Why 2015's a year of two halves for Hong Kong
A price return and correction are projected.
The performance of Hong Kong (HK) stocks (represented by the MSCI Hong Kong (MSCI HK) index) is expected to diverge from 1H15 to 2H15.
According to a research note from Standard Chartered, in 1H15, it forecasts an 8% price return, driven by 7% forward EPS growth in 1H and a modest PER re-rating from the current 14.8x, as HK stocks tend to benefit from China’s monetary easing.
In 2H15, meanwhile, Standard Chartered expects the prospects of an interest rate hike by the US Fed to trigger a major correction in HK stocks.
Nonetheless, Standard Chartered believes that markets can recover part of their losses after the correction and end 2015 with flat price returns, excluding an estimated 3% dividend yield.
Here's more from Standard Chartered:
Overwieght China vs. Hong Kong in 1H15: We think many investors have not noticed that MSCI HK has consistently outperformed both MSCI China (mostly HK-listed China stocks) and MSCI AXJ since 2010 until very recently.
The cumulative total return of MSCI HK since 2010 has reached 60% (or 9.9% CAGR), far outstripping the 14% return of MSCI China and 33% for MSCI AXJ during the same period. Figure 5 below shows the relative performance of MSCI HK versus the China and AXJ markets.

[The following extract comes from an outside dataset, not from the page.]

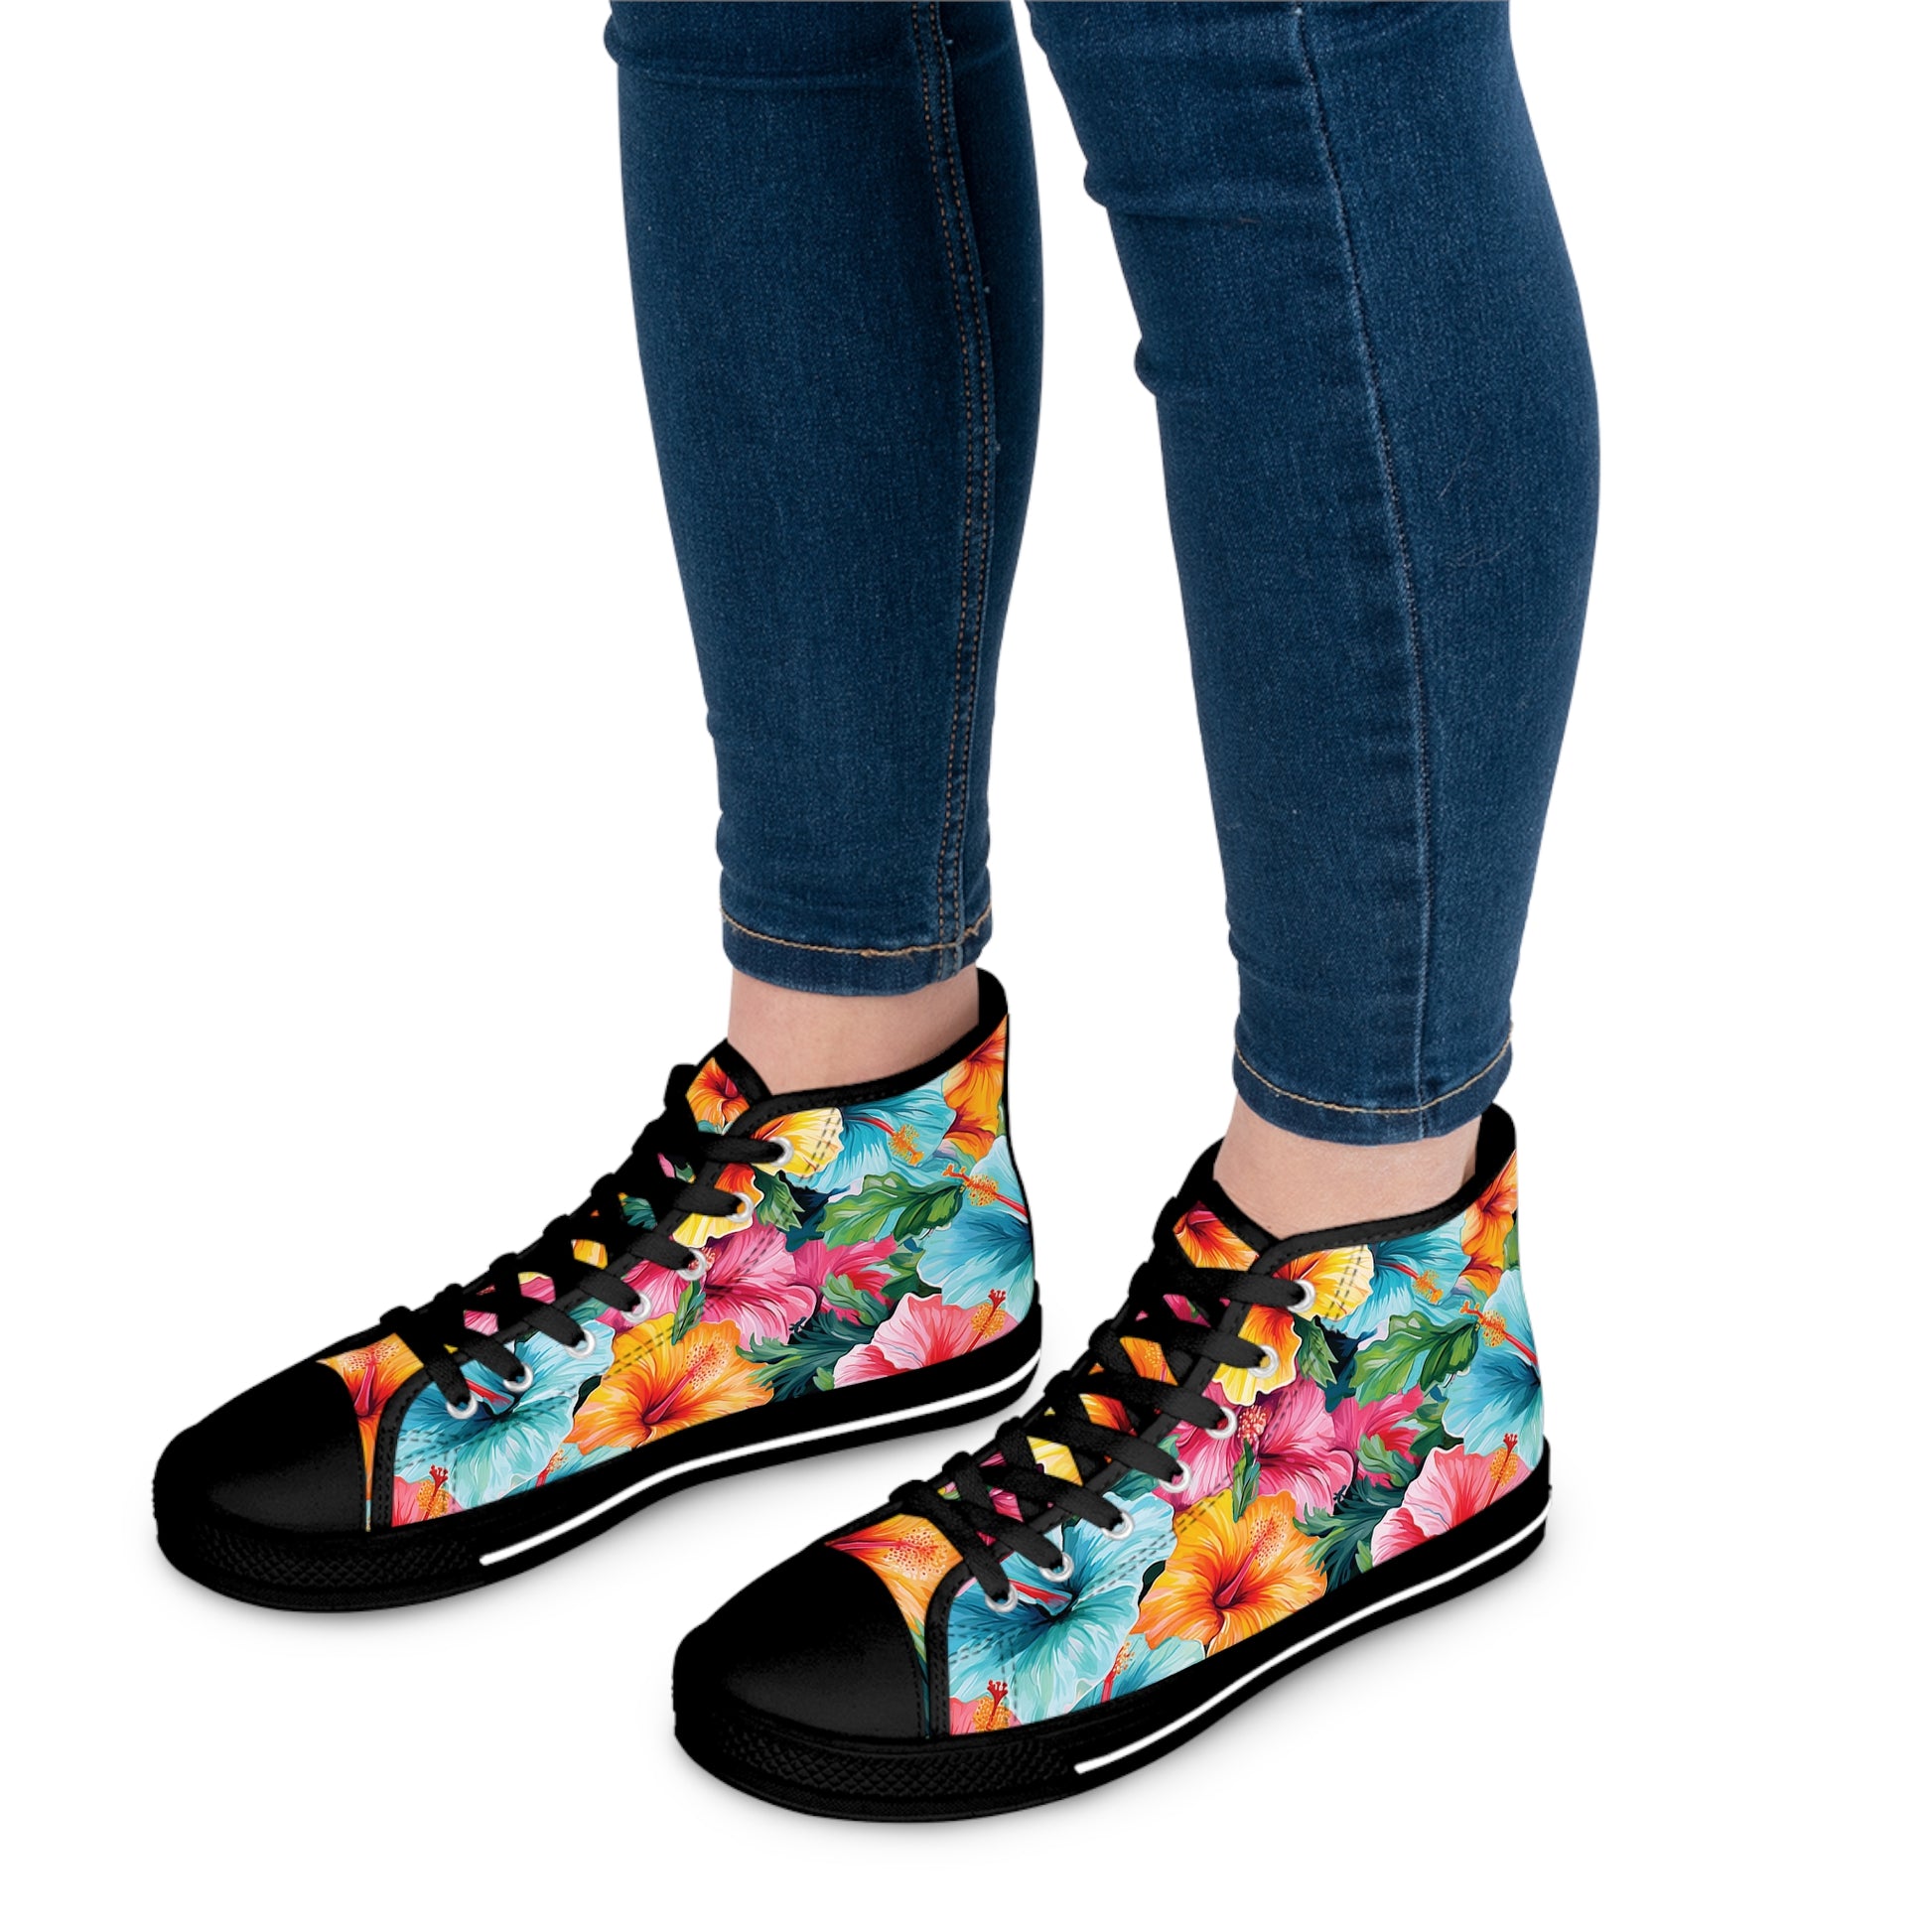 Watercolor Hibiscus (Light #2) Women's High-Top Sneakers (Black) by Studio Ten Design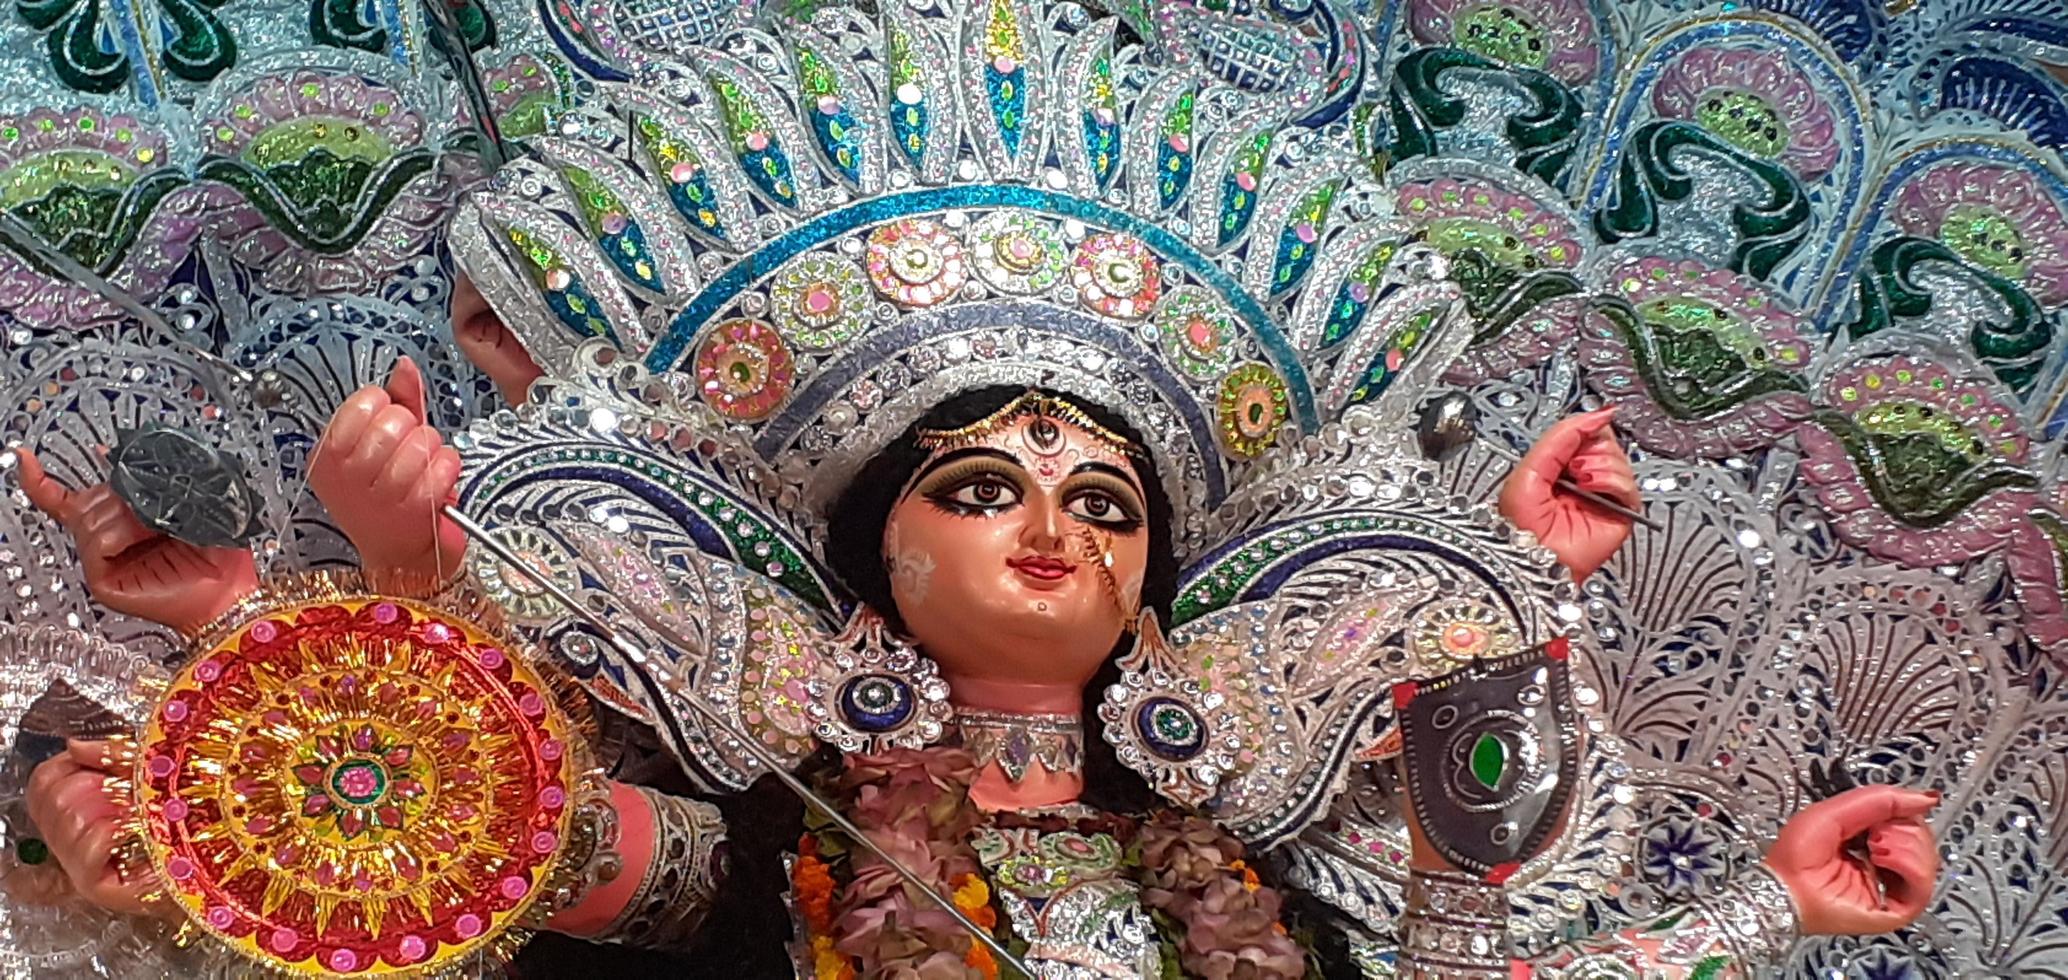 Durga idol fotografía de cerca durante el festival hindú bengalí de Durga Puja foto

An important reason for this outperformance, in our view, is HK companies’ continued overseas business expansion (which is our long-term macro theme for HK).
However, we think the outperformance of HK stocks became excessive in 1H14 and we turned overweight China versus HK in June, as we expect China’s gradual monetary easing to be a catalyst for China equities to perform well.
In 1H15, we maintain our overweight China versus Hong Kong view. In 2H15, if equity markets experience large corrections due to rate hikes by the US Fed Reserve, we believe that HK stocks might, counter-intuitively, be more defensive than China equities.